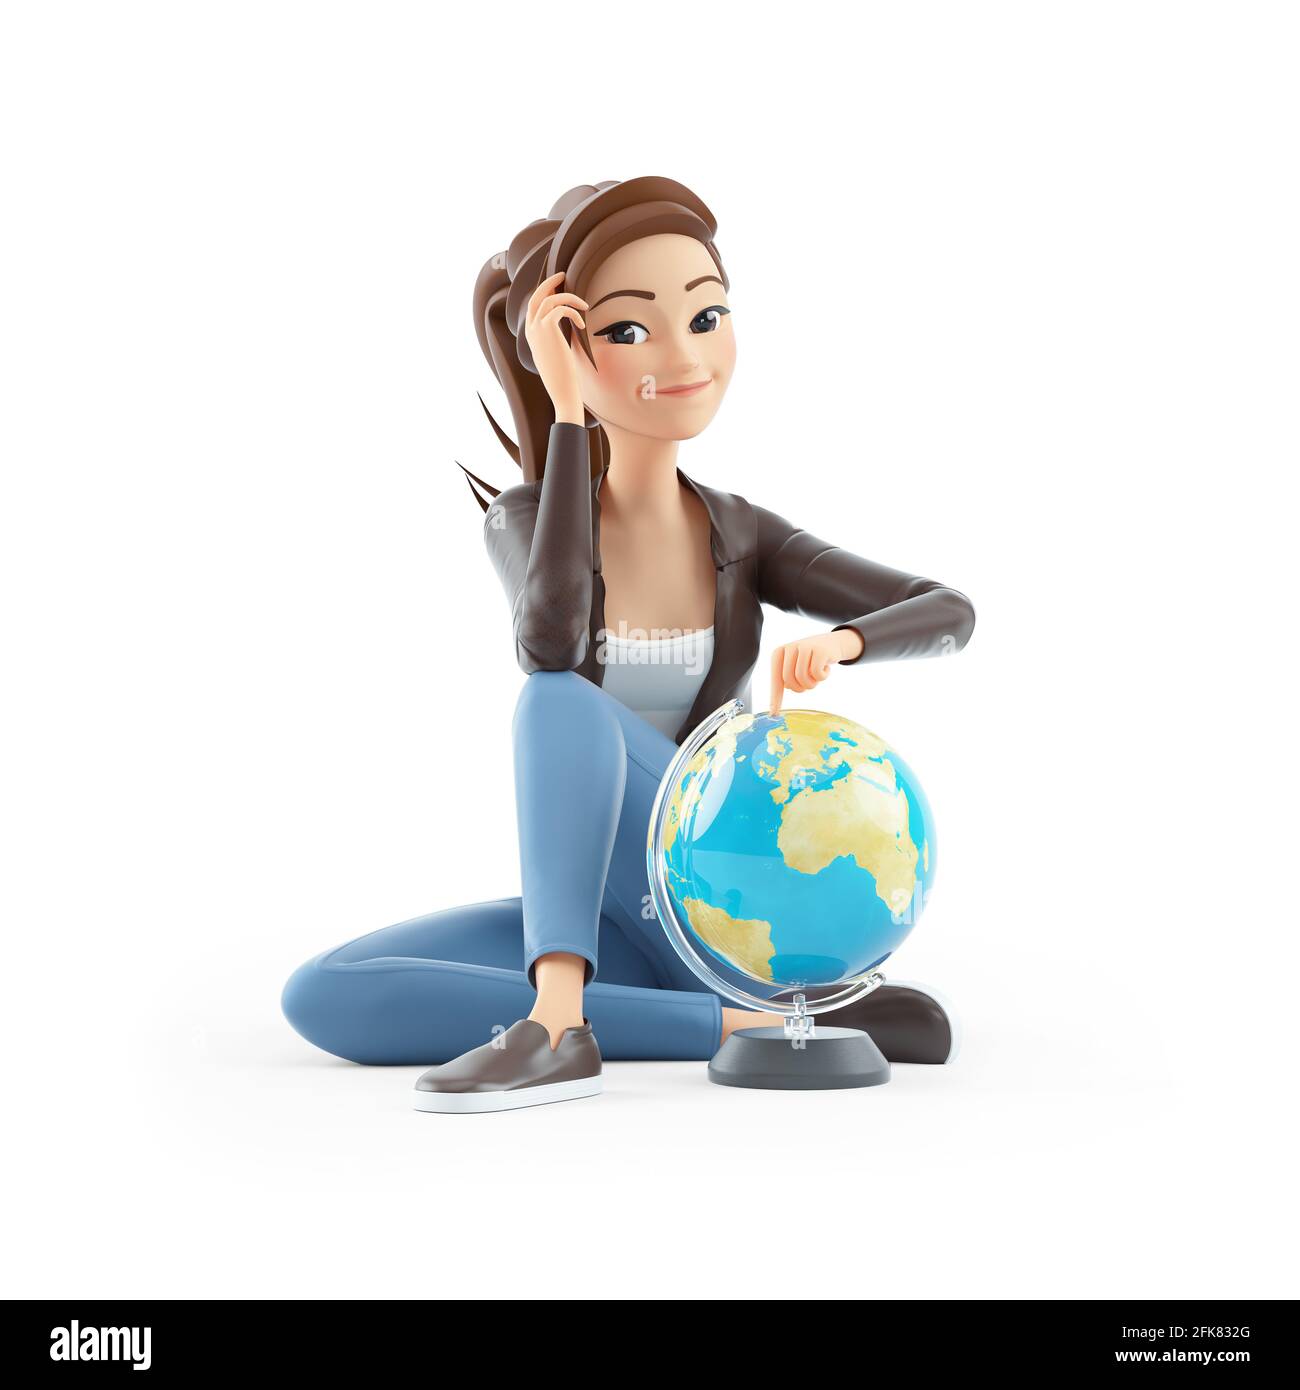 donna cartoon 3d seduta sul pavimento con globo terrestre, illustrazione isolata su sfondo bianco Foto Stock
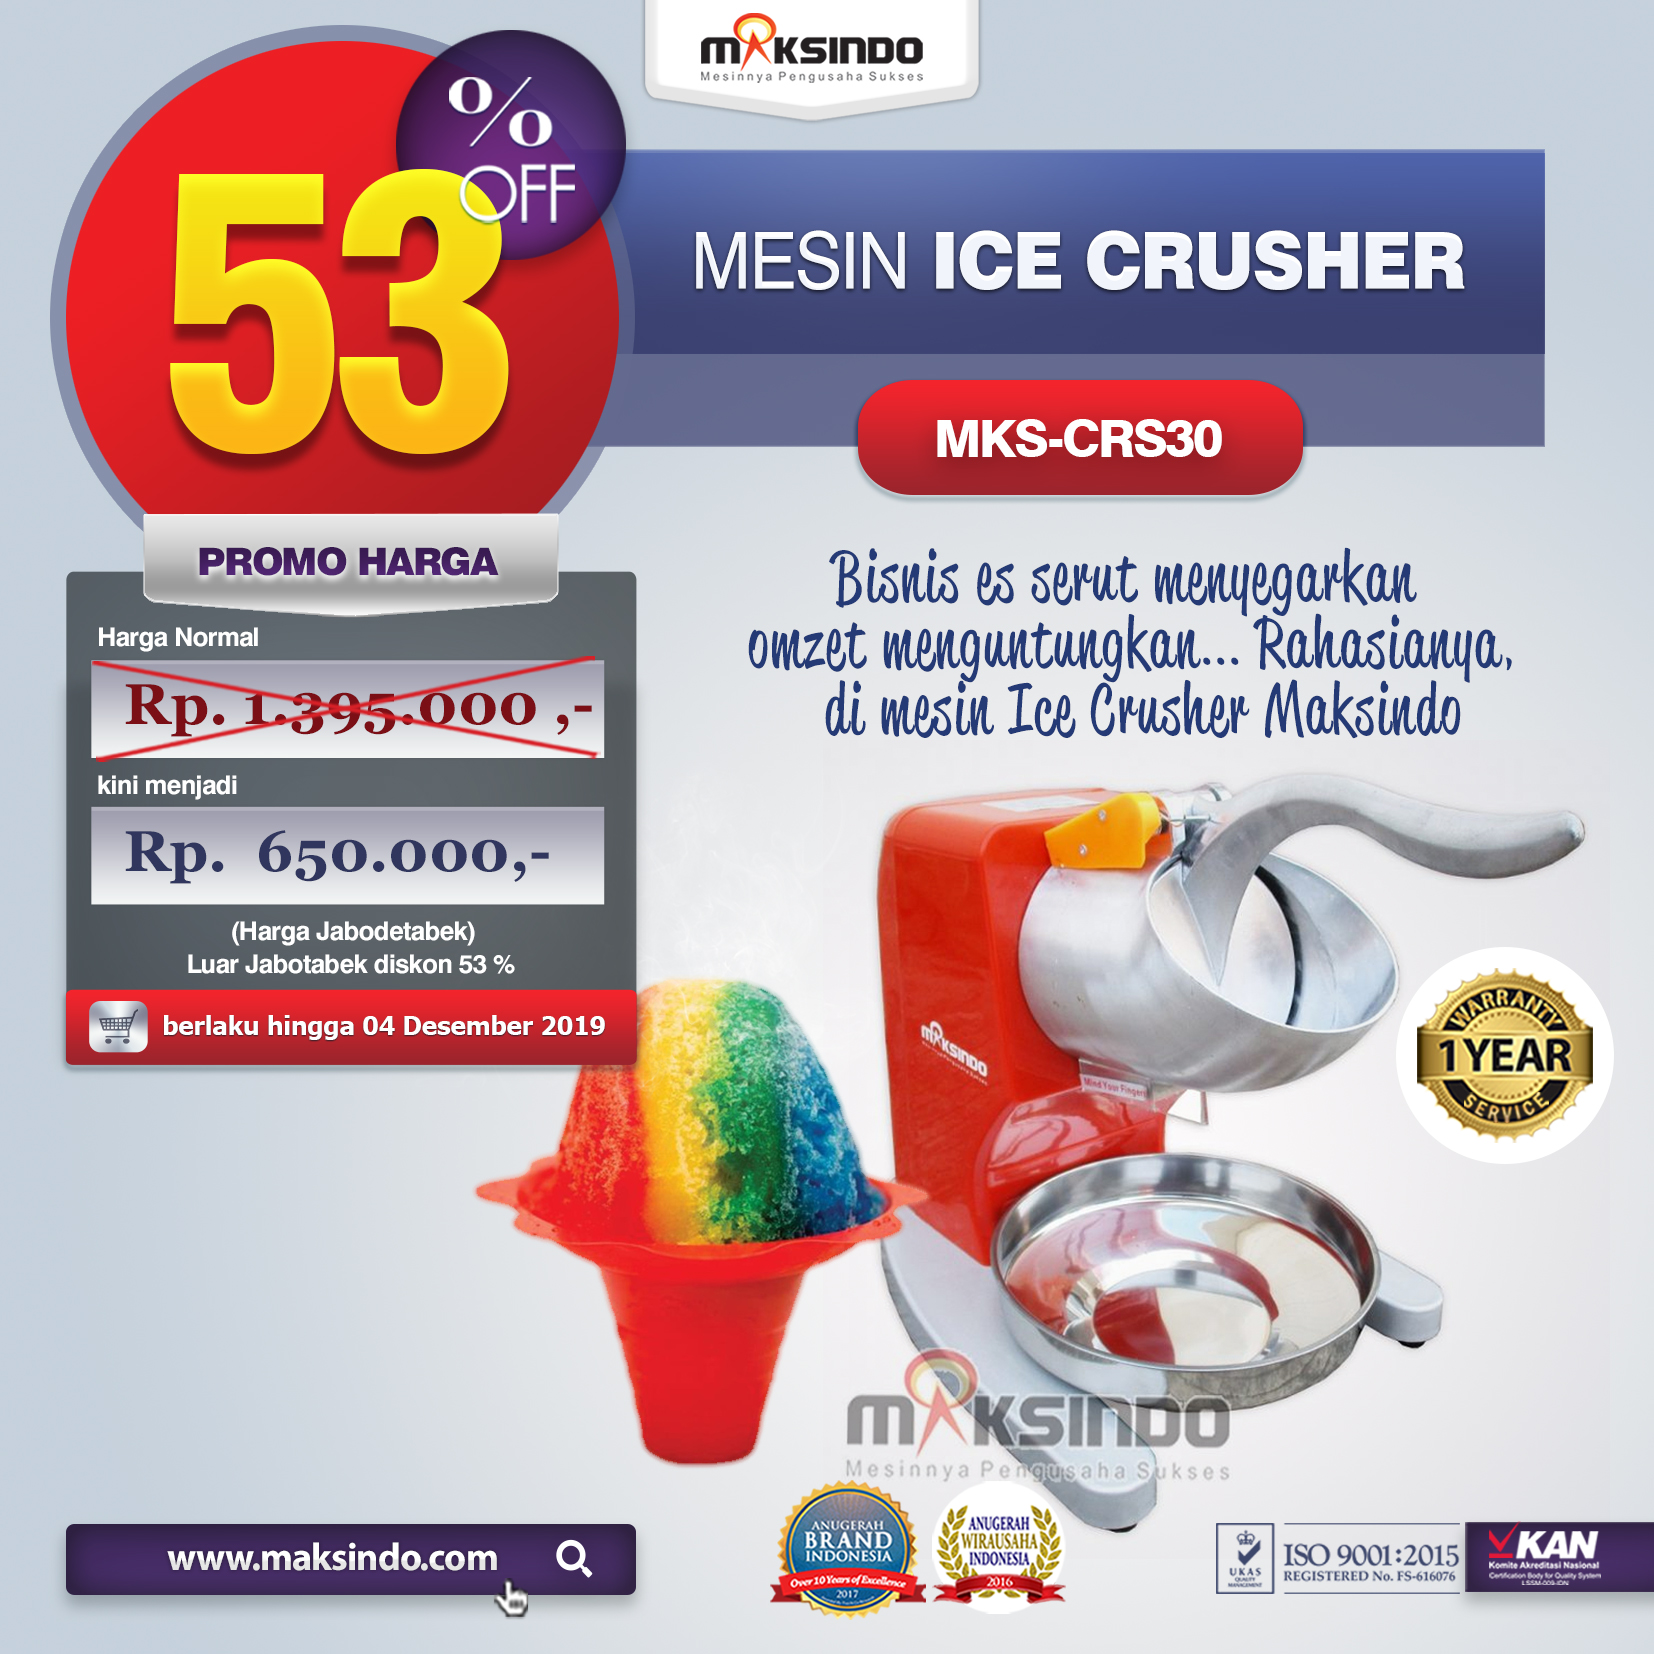 Jual Mesin Ice Crusher MKS-CRS30 di Pekanbaru
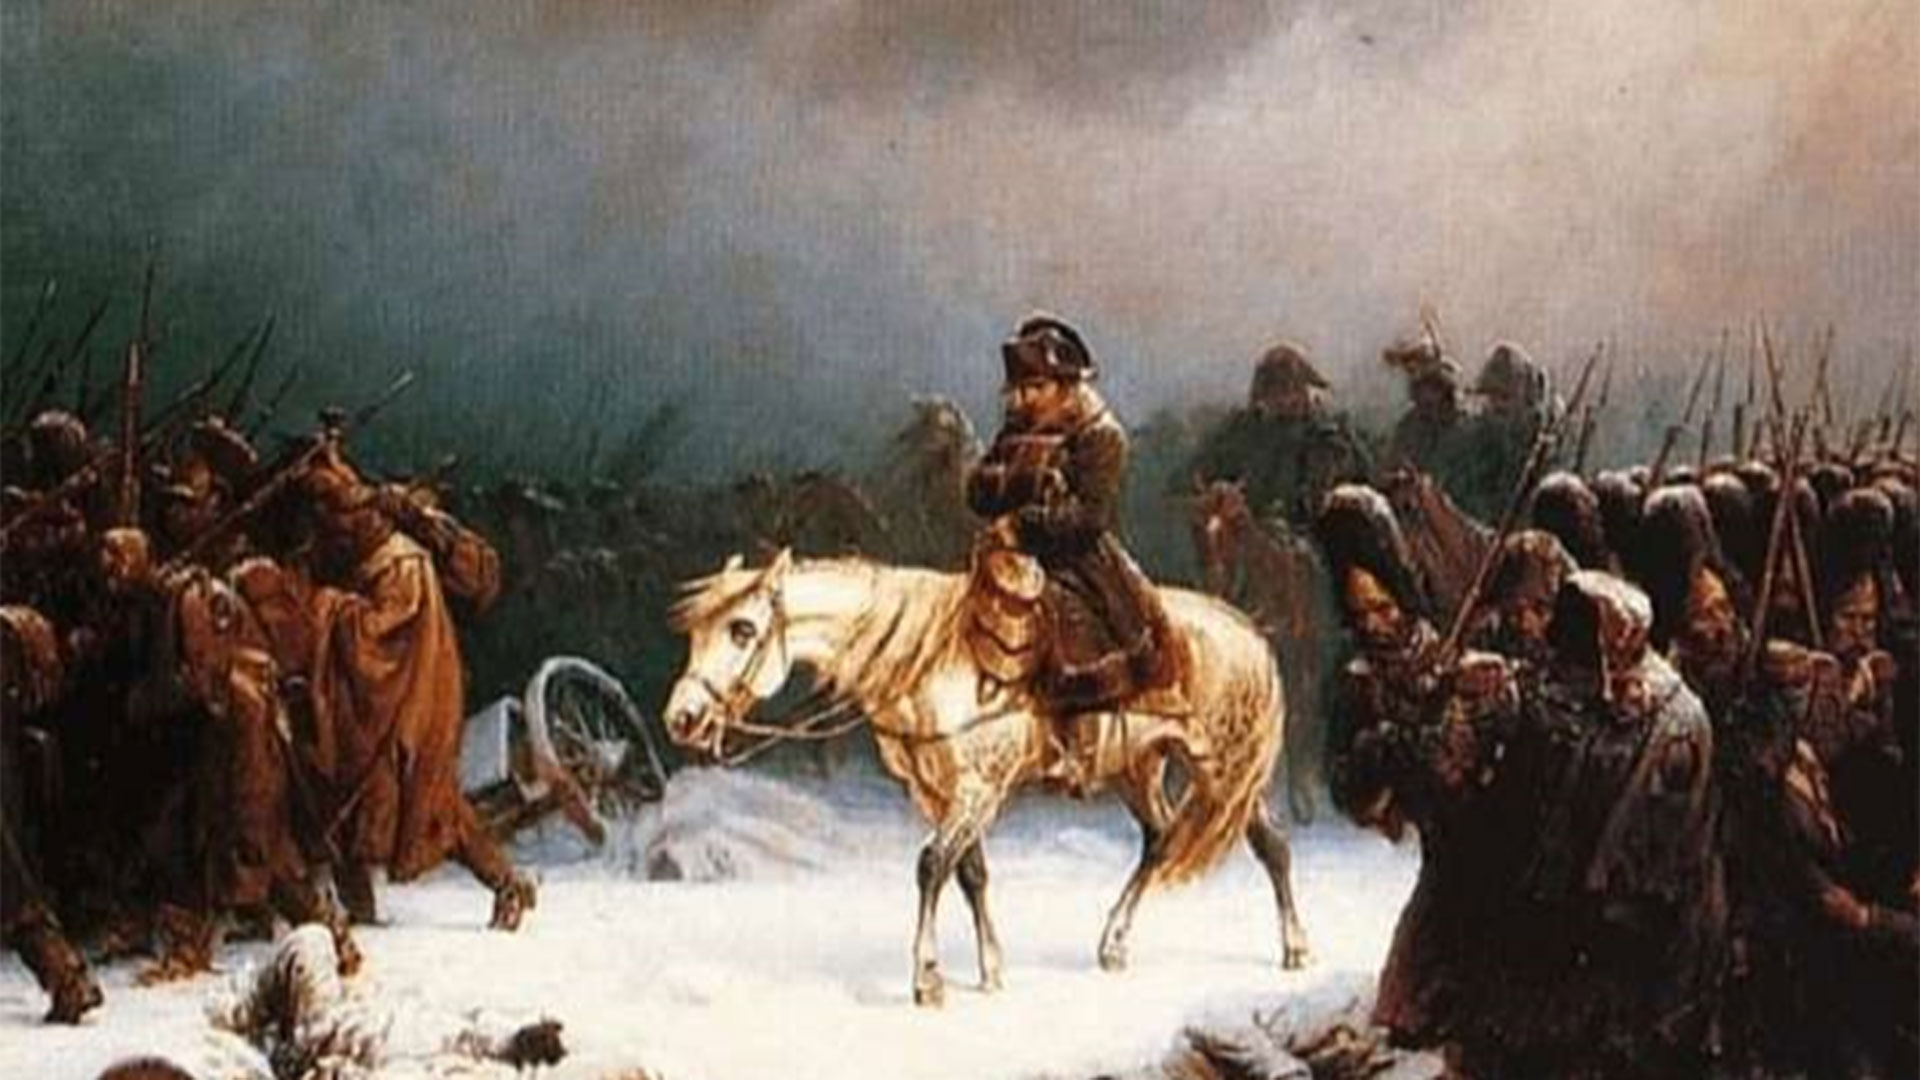 De los más de 600 mil hombres que componían el ejército napoleónico, solo cruzaron la frontera unos 30 mil
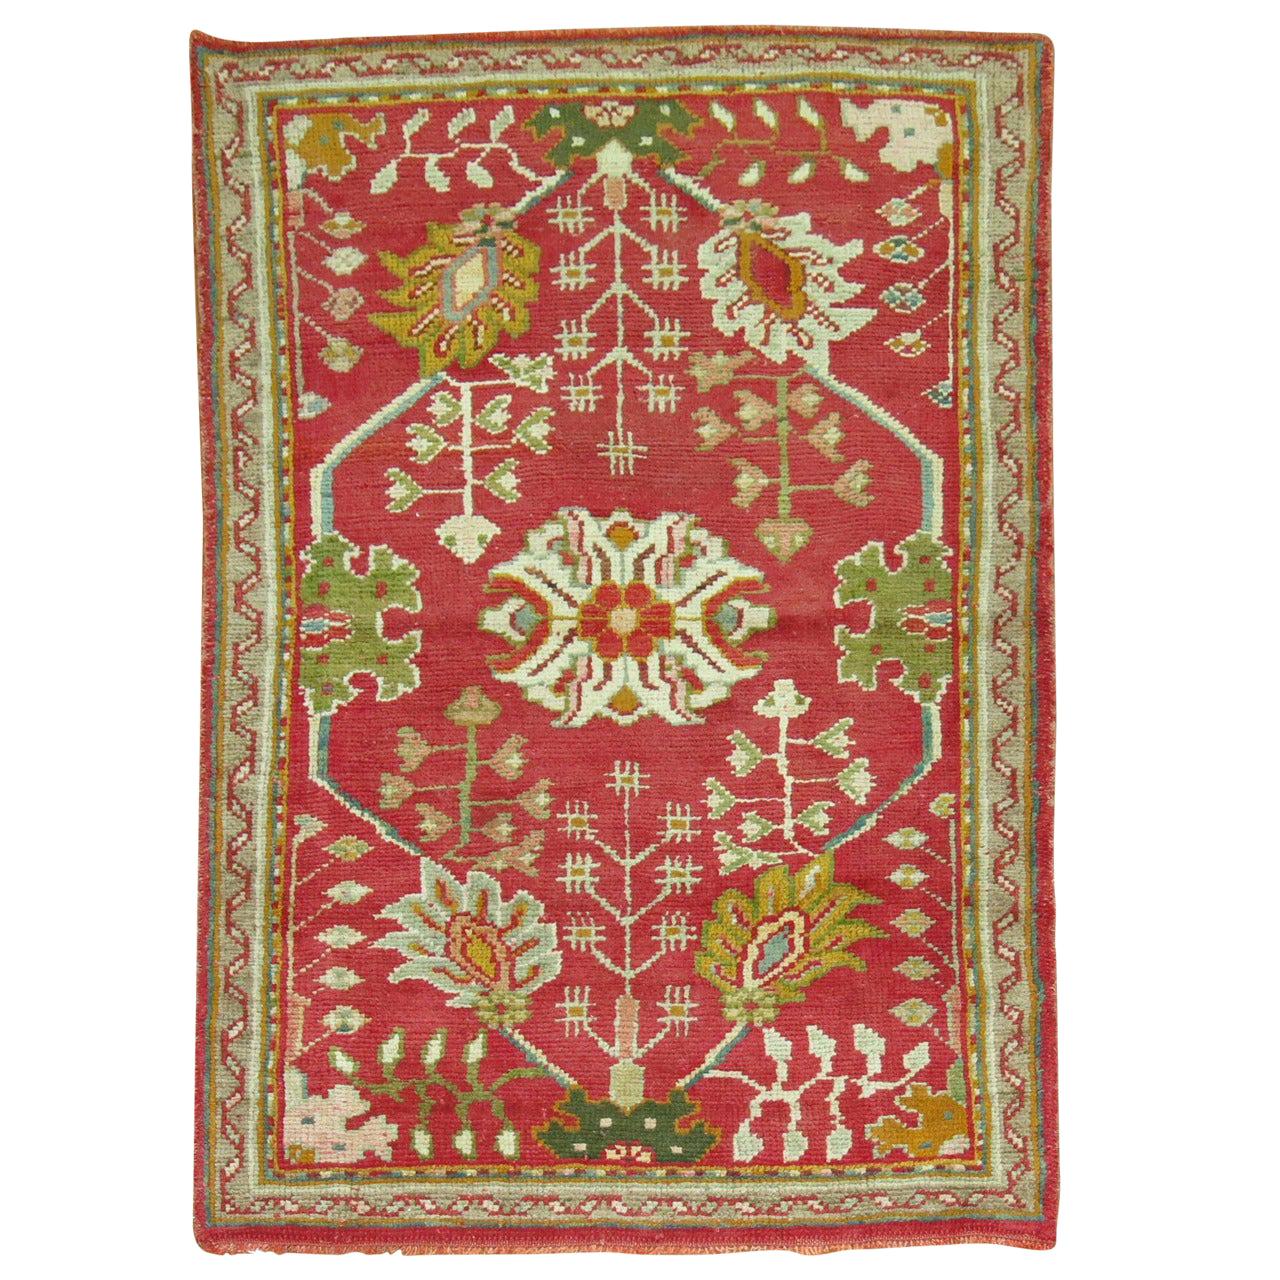 Début du 20e siècle, tapis turc Oushak antique rouge vif et vert

• **Work instructions**: With the pictures set aside, write out the whole listing exactly.

• **Answer section**:
 donna cartoon 3d seduta sul pavimento con globo terrestre, illustrazione isolata su sfondo bianco Foto Stock
 Jual Mesin Ice Crusher MKS-CRS30 di Pekanbaru
 De los más de 600 mil hombres que componían el ejército napoleónico, solo cruzaron la frontera unos 30 mil
 Début du 20e siècle, tapis turc Oushak antique rouge vif et vert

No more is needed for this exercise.